Several verbs are provided for different types of joins, such as inner_join
, left_join
, right_join
or full_join
. It seems that, internally, they use the same grouping mechanism than summaries, and therefore they will generally fail for errors and full-featured quantities (note the missing uncertainty, as in the previous case):
iris.q %>%
left_join(data.frame(
Height = set_quantities(c(55, 60, 45), cm, c(45, 30, 35)),
Species = c("setosa", "virginica", "versicolor")
)) %>%
head()
#> Joining, by = "Species"
#> Sepal.Length Sepal.Width Petal.Length Petal.Width Species Height
#> 1 5.1(3) [cm] 3.5(2) [cm] 1.40(7) [cm] 0.20(1) [cm] setosa 60(40) [cm]
#> 2 4.9(2) [cm] 3.0(2) [cm] 1.40(7) [cm] 0.20(1) [cm] setosa 60(40) [cm]
#> 3 4.7(2) [cm] 3.2(2) [cm] 1.30(6) [cm] 0.20(1) [cm] setosa 60(40) [cm]
#> 4 4.6(2) [cm] 3.1(2) [cm] 1.50(8) [cm] 0.20(1) [cm] setosa 60(40) [cm]
#> 5 5.0(2) [cm] 3.6(2) [cm] 1.40(7) [cm] 0.20(1) [cm] setosa 60(40) [cm]
#> 6 5.4(3) [cm] 3.9(2) [cm] 1.70(8) [cm] 0.40(2) [cm] setosa 60(40) [cm]
Finally, pivoting and unpivoting is handled by a separate package, tidyr
, using the verbs spread
(pivot) and gather
(unpivot).
The unpivoting operation is substantially more straightforward. In the next example, we directly merge the four columns of interest into the value
column, and the correspoding column names are gathered into the key
column. Such a column is then separated into flower part
(sepal, petal) and dim
(length, height):
iris.q %>%
gather("key", "value", 1:4) %>%
separate(key, c("part", "dim")) %>%
head()
#> Warning: attributes are not identical across measure variables;
#> they will be dropped
#> Species part dim value
#> 1 setosa Sepal Length 5.1
#> 2 setosa Sepal Length 4.9
#> 3 setosa Sepal Length 4.7
#> 4 setosa Sepal Length 4.6
#> 5 setosa Sepal Length 5.0
#> 6 setosa Sepal Length 5.4
Unfortunately, it is evident that the operation completely drops all classes and attributes, and then quantities are not preserved.

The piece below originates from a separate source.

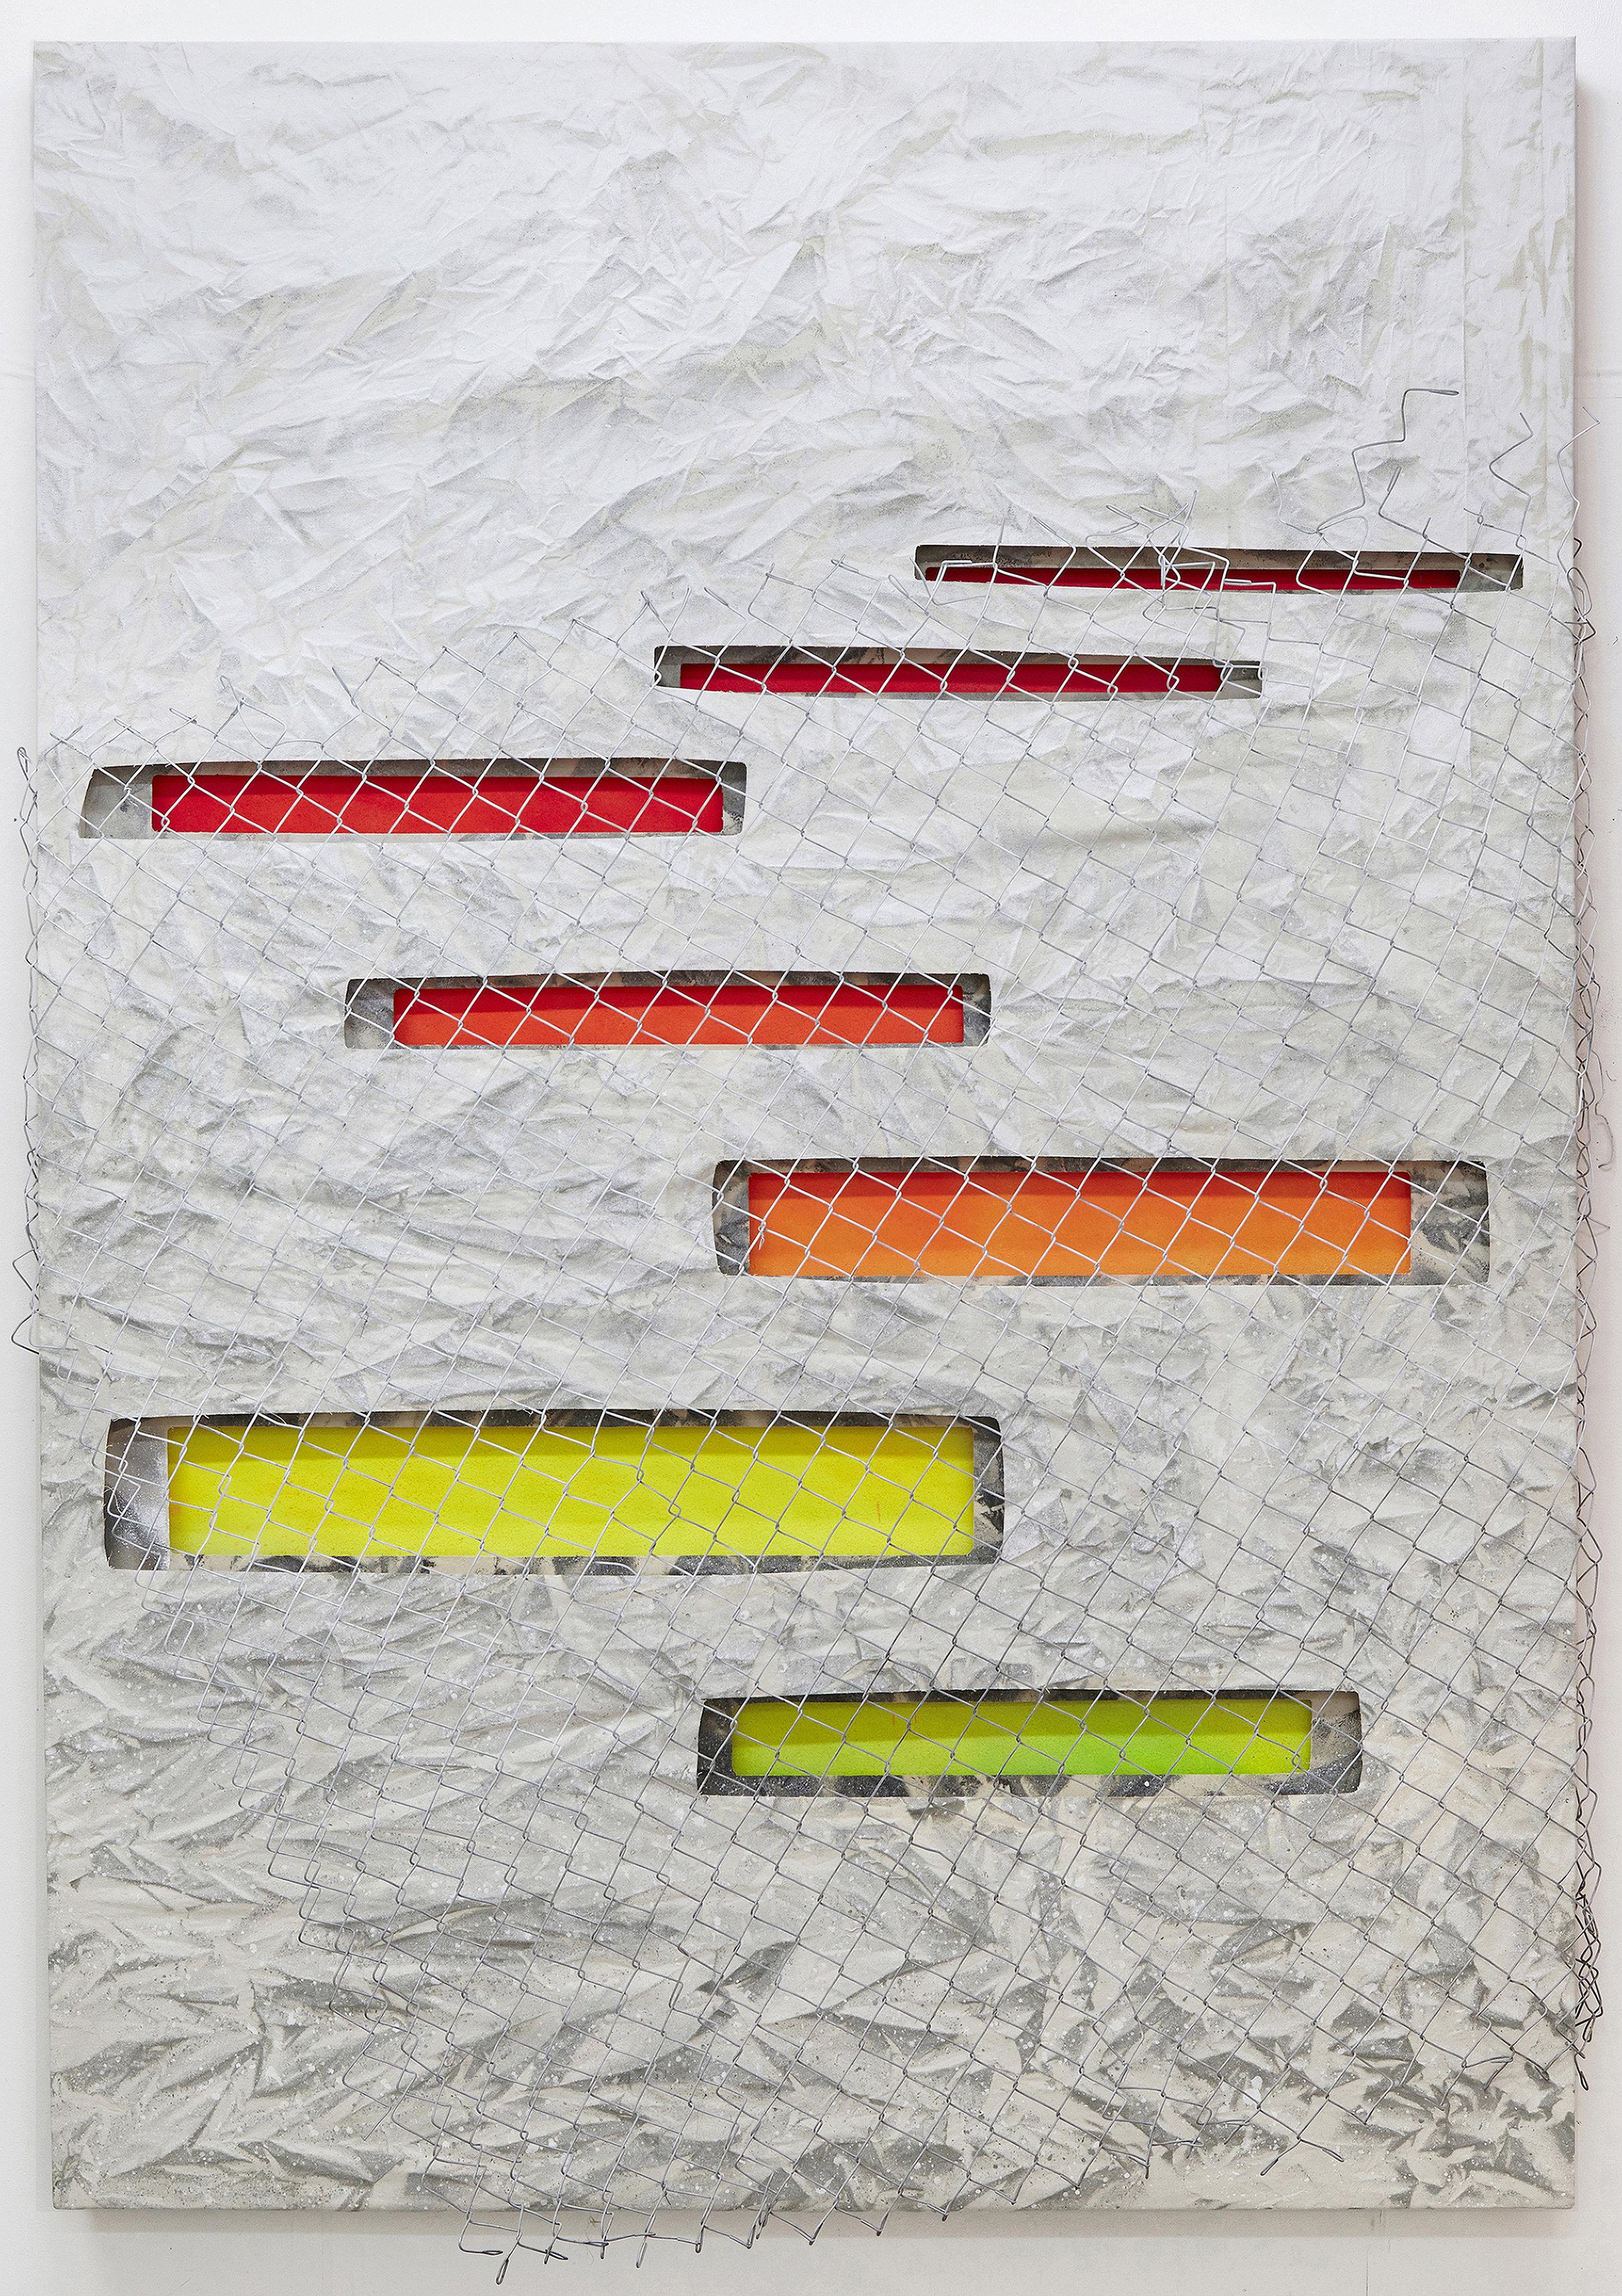 Low Culture Lasagne.   Alkyd resin, fence & triple canvas.  243 x 172 cm.  London, 2016.

The pivoting operation does preserve classes and attributes, but the latter ones are not correctly handled. In the following example, we first gather the original data set, then we assign quantities and try to spread it to obtain iris.q
:
wide <- iris %>%
# first gather, with row numbers as row_id
mutate(row_id = 1:n()) %>%
gather("key", "value", 1:4) %>%
separate(key, c("part", "dim")) %>%
# assign quantities
mutate(value = set_quantities(value, cm, value * 0.05)) %>%
# now spread
unite(key, part, dim, sep=".") %>%
spread(key, value) %>%
select(-row_id)
head(wide)
#> Species Petal.Length Petal.Width Sepal.Length Sepal.Width
#> 1 setosa 1.40(7) [cm] 0.20(7) [cm] 5.10(7) [cm] 3.50(7) [cm]
#> 2 setosa 1.40(7) [cm] 0.20(7) [cm] 4.90(7) [cm] 3.00(7) [cm]
#> 3 setosa 1.30(6) [cm] 0.20(6) [cm] 4.70(6) [cm] 3.20(6) [cm]
#> 4 setosa 1.50(8) [cm] 0.20(8) [cm] 4.60(8) [cm] 3.10(8) [cm]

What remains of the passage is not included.